--- RECORDED INFORMATION ---

"""

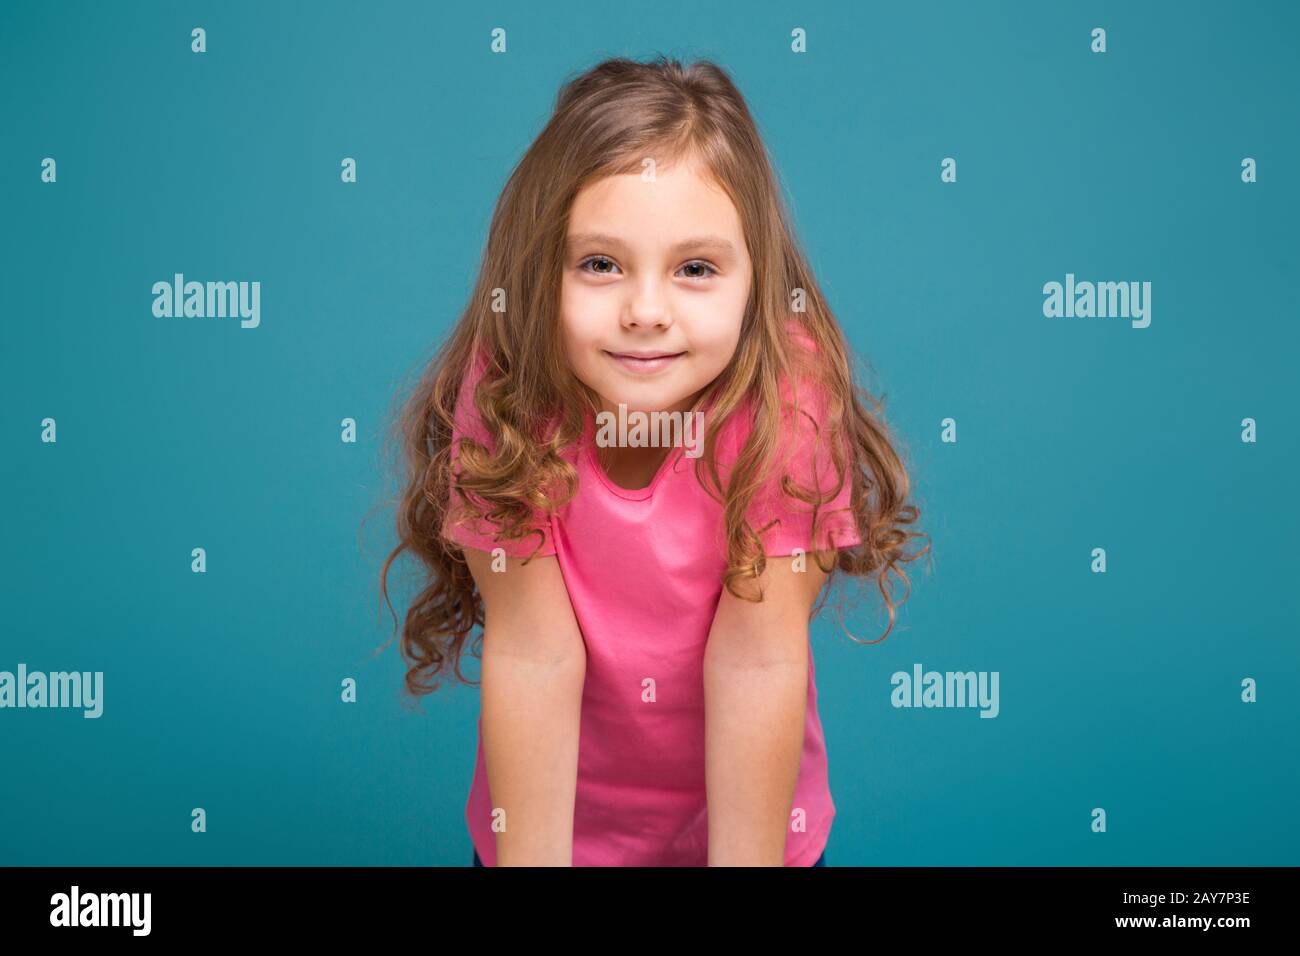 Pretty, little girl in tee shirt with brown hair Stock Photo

"""
"""

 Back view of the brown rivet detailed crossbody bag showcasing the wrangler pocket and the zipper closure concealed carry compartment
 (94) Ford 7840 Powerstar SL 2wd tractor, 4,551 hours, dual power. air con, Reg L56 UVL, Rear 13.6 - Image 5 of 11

"""

--- EXERCISE DETAILS ---
In the data above, find the line with "Back view of" and the line with "(94) Ford 7840". Retype both, plus every line between them, exactly.

--- SOLUTION FOR THIS PROBLEM ---
 Back view of the brown rivet detailed crossbody bag showcasing the wrangler pocket and the zipper closure concealed carry compartment
 (94) Ford 7840 Powerstar SL 2wd tractor, 4,551 hours, dual power. air con, Reg L56 UVL, Rear 13.6 - Image 5 of 11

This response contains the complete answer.